Photo by Andrew Cooper / Sony Pictures Entertainment
 

It’s hard to believe that Quentin Tarantino — perhaps the most film-obsessed of a generally cinema-mad generation of directors — has taken this long to set a film, truly and properly, in Hollywood.

“Reservoir Dogs,” “Pulp Fiction” and “Jackie Brown” were set in Los Angeles. But ever since “Kill Bill” spanned the globe, Tarantino has left the Golden State, with films set in the American south and west, as well as wartime Europe.

Now, his ninth film — he’s obsessed with numbering his pictures, so the tally is easy to remember — announces its setting in the title (also a Tarantino first). “Once Upon a Time in Hollywood” was hyped as a film about the Manson murders, but it’s actually a pure Hollywood tale.

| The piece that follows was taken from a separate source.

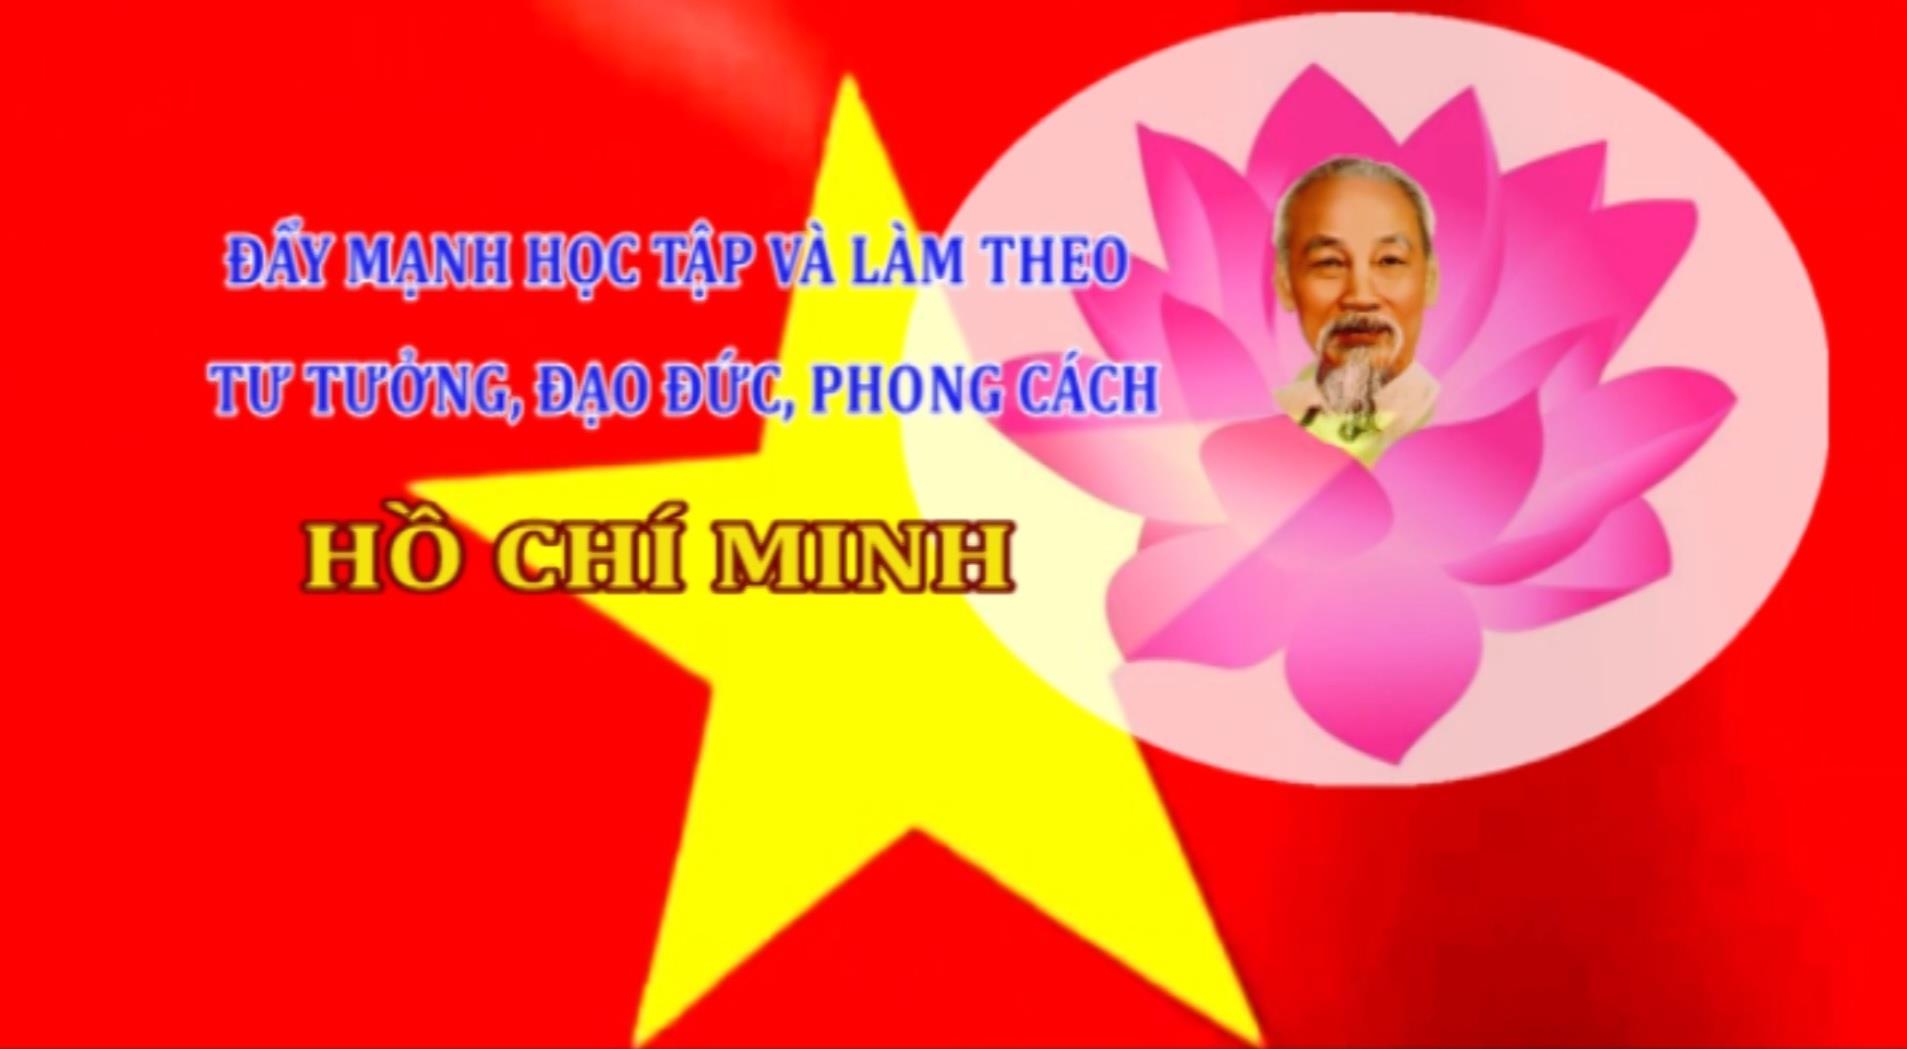 Chuyên mục Học tập và làm theo tư tưởng, đạo đức, phong cách Hồ Chí Minh (ngày 24/01/2021)

In 1969, western movie icon Rick Dalton (Leonardo DiCaprio) is informed by non-nonsense producer Marvin Schwarzs (Al Pacino) that his career is headed downhill. Meanwhile, Dalton’s best friend and stunt double, Cliff Booth (Brad Pitt), drives Dalton around and skirts along Hollywood’s fringes — an existence that precipitates a run-in with the Manson family, via a seductive hippie named Pussycat (Margaret Qualley).

Sharon Tate (Margot Robbie) is around, too; she’s reveling in her Hollywood ascendance and living next door to Dalton, more often in the company of friend Jay Sebring (Emile Hirsch) than husband Roman Polanski (RafaƂ Zawierucha).

“Once Upon a Time in Hollywood” is Tarantino at his most confident and unrestrained. There is no genre to this film; it flows kaleidoscopically from drama to comedy to parody to western to nothing at all. Nor is there any appreciable structure — not even the retroactive framework the director has often applied via chapter titles. It happens, it happens, and it keeps happening, eventually arriving at a conclusion that is less a natural denouement and more a farcical what-if.

The film contains some of Tarantino’s best sequences.

It’s also his worst film.

Fortunately, he’s good at this, so his worst is certainly still worthwhile. Tarantino has always been one of the great students of cinema; at his best, he’s one of its most proficient modern practitioners. Even in a messy and ultimately dissatisfying film (and one that, in some of its more unpleasant sequences, provides plenty of fodder for legitimate objections), there is more than enough remarkable content here to warrant a viewing  — by the interested. This would not be a good introduction for the reluctant.

My Rating: 7/10

"Once Upon a Time in Hollywood" opens in wide release on Friday, July 26.